Monolith → Services Migration (Strangler, Zero-Downtime)¶

Carve a service out of a live monolith and split its shared database — without a maintenance window and without a big-bang rewrite. Move 100M+ rows while traffic keeps flowing, prove the new path matches the old one byte for byte, then flip a flag. If anything smells wrong, flip it back in seconds.


Tier	Staff (architecture evolution)
Primary domain	Large-scale migration / distributed systems
Skills exercised	Strangler-fig, bounded-context seams, DB decomposition, dual-write + reconcile, expand-contract (parallel-change), online backfill, shadow traffic, feature-flagged cutover, sagas, Go
Interview sections	12 (architecture), 13 (distributed systems), 5 (postgres)
Est. effort	5–8 focused days

1. Context¶

You inherit a Go monolith that has run the business for six years. One table, orders, has grown to 140M rows and is hammered by half the codebase: the checkout path, the fulfillment workers, the admin tooling, three reporting jobs, and a nightly export all read and write it through the same shared Postgres. Every change to order logic now risks every other team's deploy. Leadership wants an independent Orders Service with its own database and its own deploy cadence.

The catch: the system does ~3,000 order writes/s at peak and never takes a maintenance window. A big-bang rewrite ("freeze the monolith, dump, restore, switch") is off the table — it's too risky, too slow, and the business won't stop. You must extract the service incrementally, online, with a rollback path at every step, using the strangler-fig pattern.

Your job is to sequence the extraction by risk, stand up the new service behind a router, dual-write and backfill the data, shadow-compare the two implementations until they agree, then cut over behind a feature flag — and prove you didn't regress latency or correctness. You will produce numbers and a rollback drill, not a slide deck.

2. Goals / Non-goals¶

Goals - Extract one bounded context (orders) from the monolith into a standalone Go service with its own database, online, zero downtime. - Decompose the shared DB: break the cross-context foreign keys, migrate the orders table to the new store, and leave the monolith reading the new service (not the old table) by the end. - Run a dual-write + reconcile phase that keeps old and new stores consistent while you backfill, and detect/repair divergence. - Backfill 140M rows online — batched and throttled — without blocking live writes or melting replication lag. - Shadow production traffic to the new service and prove its outputs match the monolith before any user is served by it. - Cut over behind a feature flag with instant rollback, and measure the blast radius of a bad cutover.

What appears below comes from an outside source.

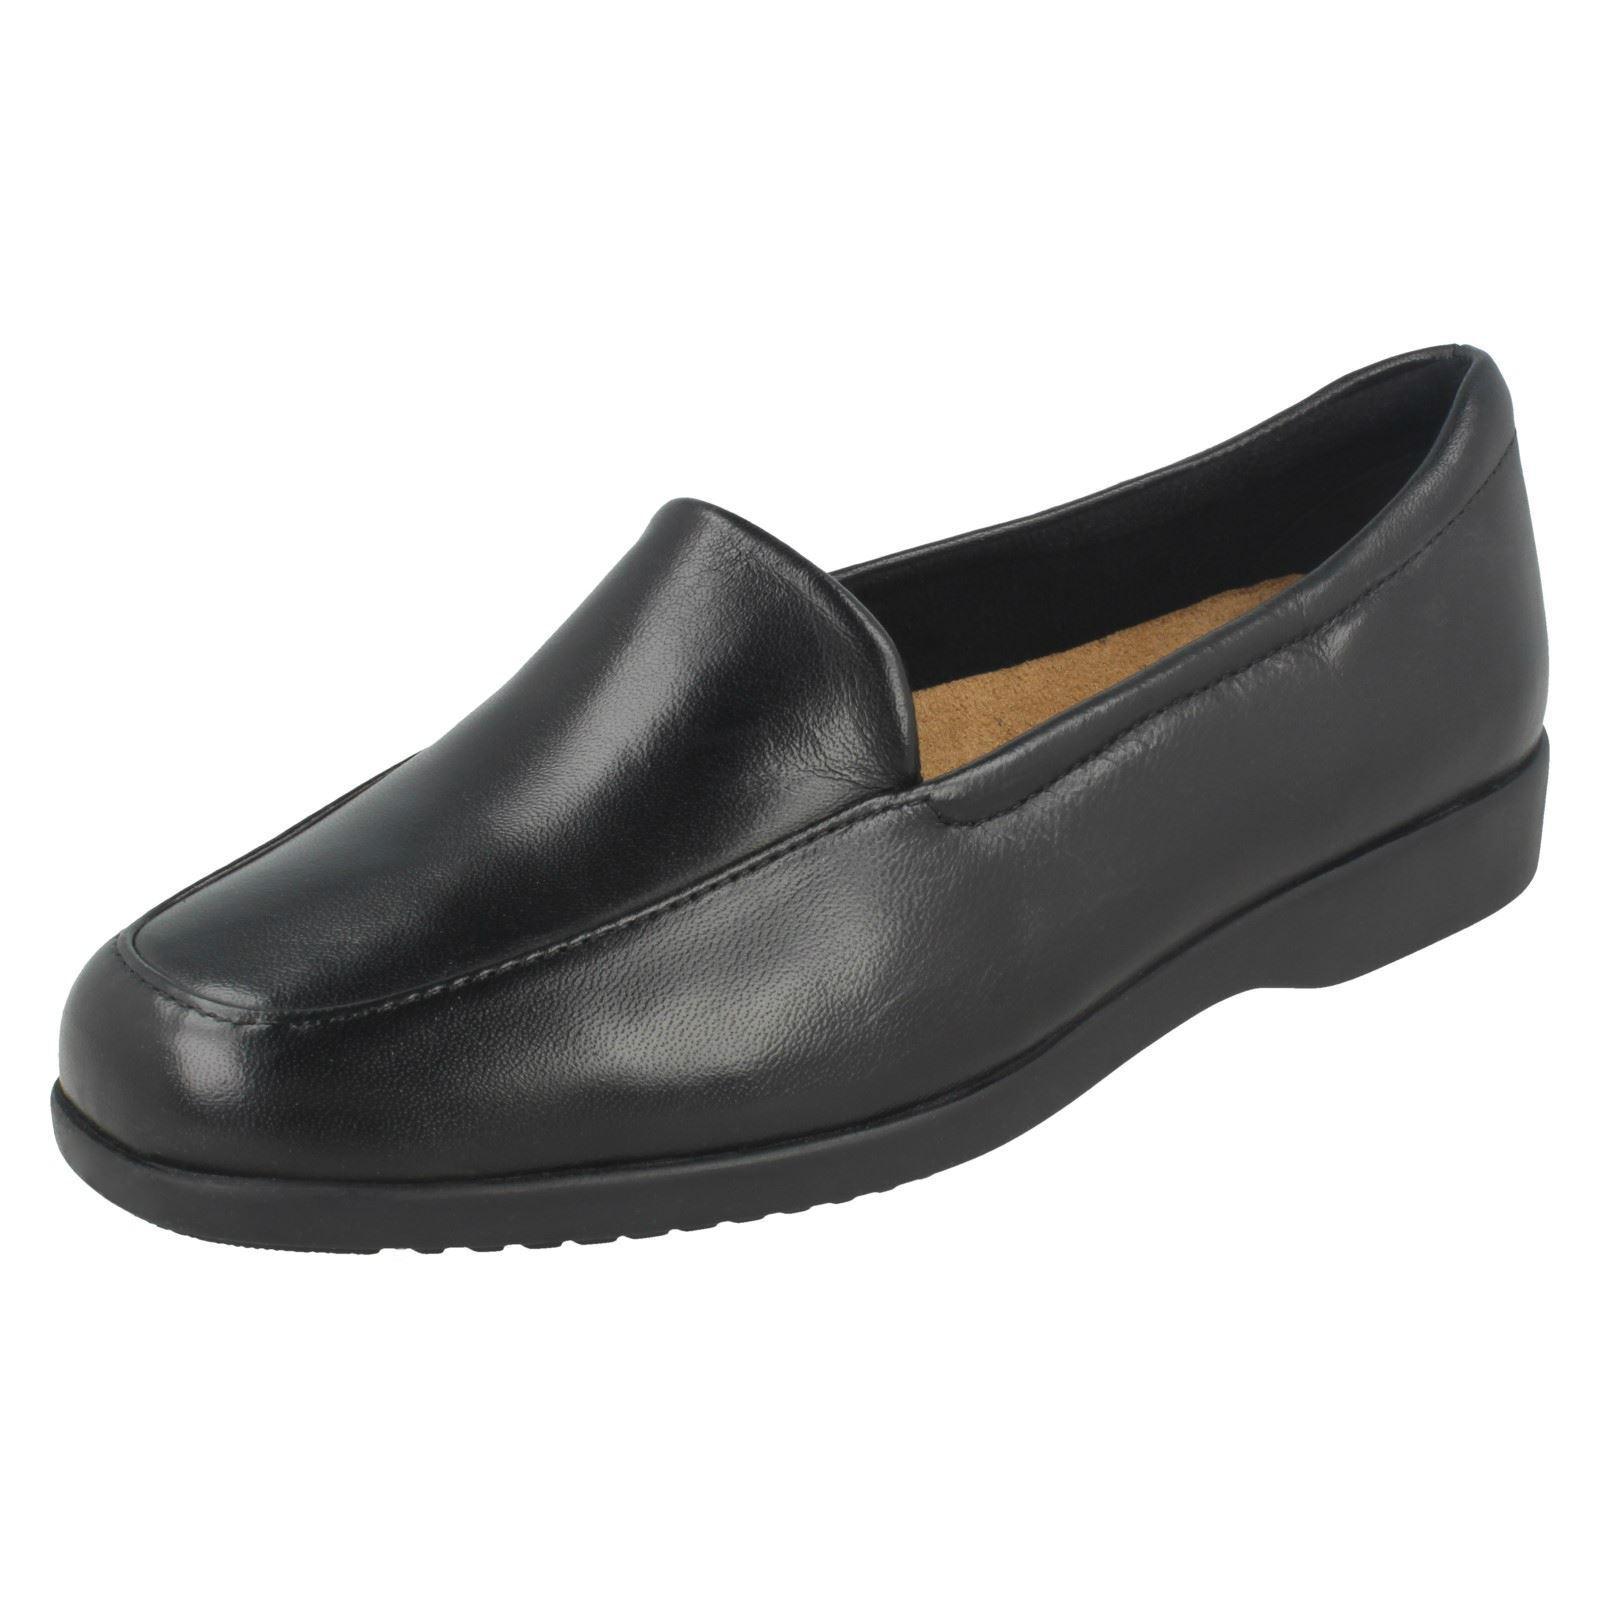 Ladies Clarks Flat Flat Flat Loafer Style shoes Georgia dd8c97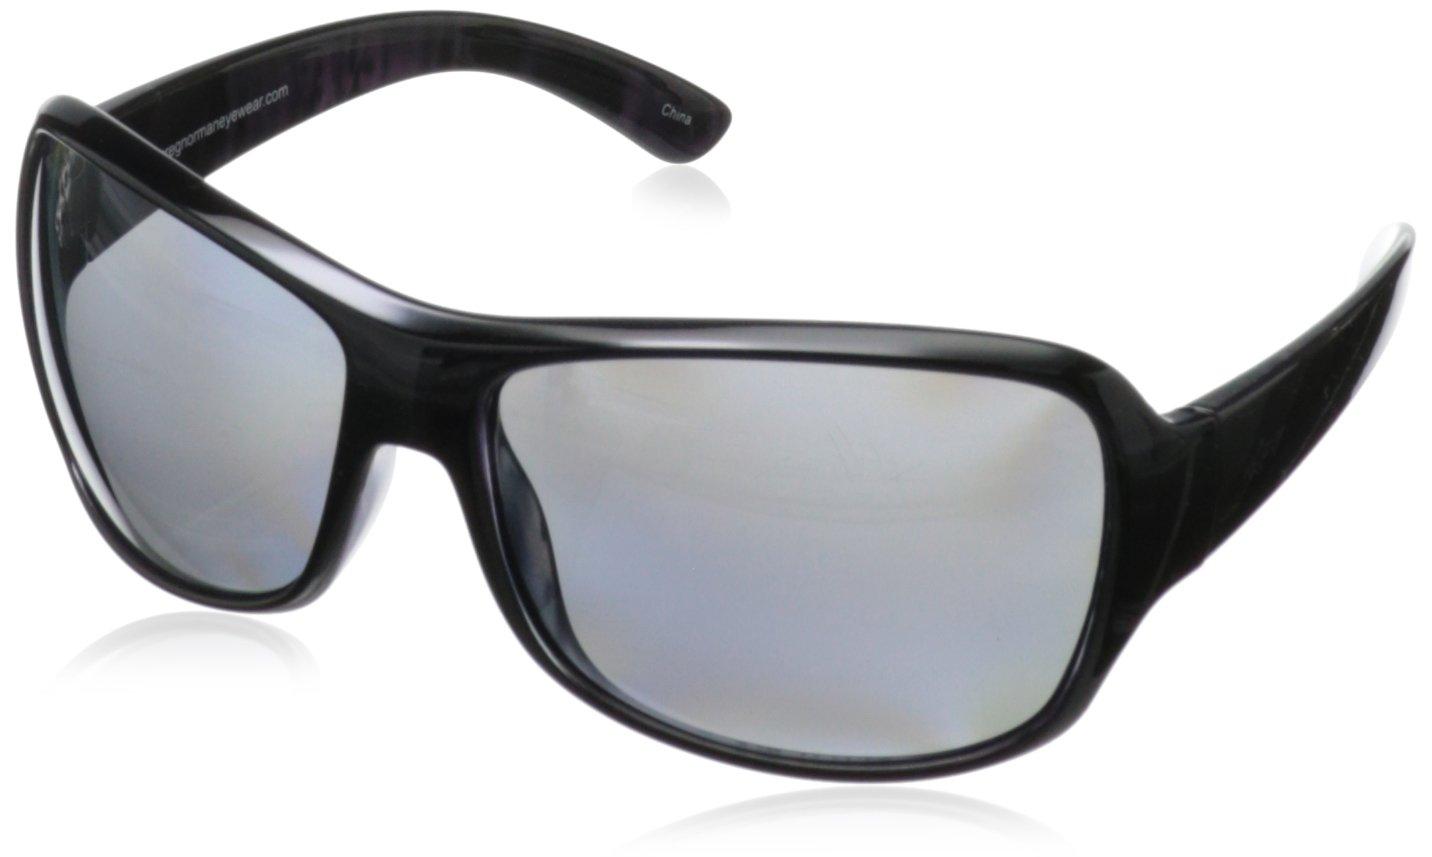 Greg Norman G4216 Polarized Sport Oversize Soft Square Glare Control Polarized Sunglasses,Shiny Black & Purple, 63 mm by Greg Norman

Non-goals - Extracting the whole monolith. Take one seam to completion; the skill is the playbook, not the headcount. - A service mesh / Kubernetes platform build-out. A router/facade in Go is enough. - Distributed transactions across services. Post-split you must avoid 2PC — reach for sagas / eventual consistency and justify it. - Rewriting business logic. Extracted logic must be behavior-preserving; shadow-compare is how you prove it.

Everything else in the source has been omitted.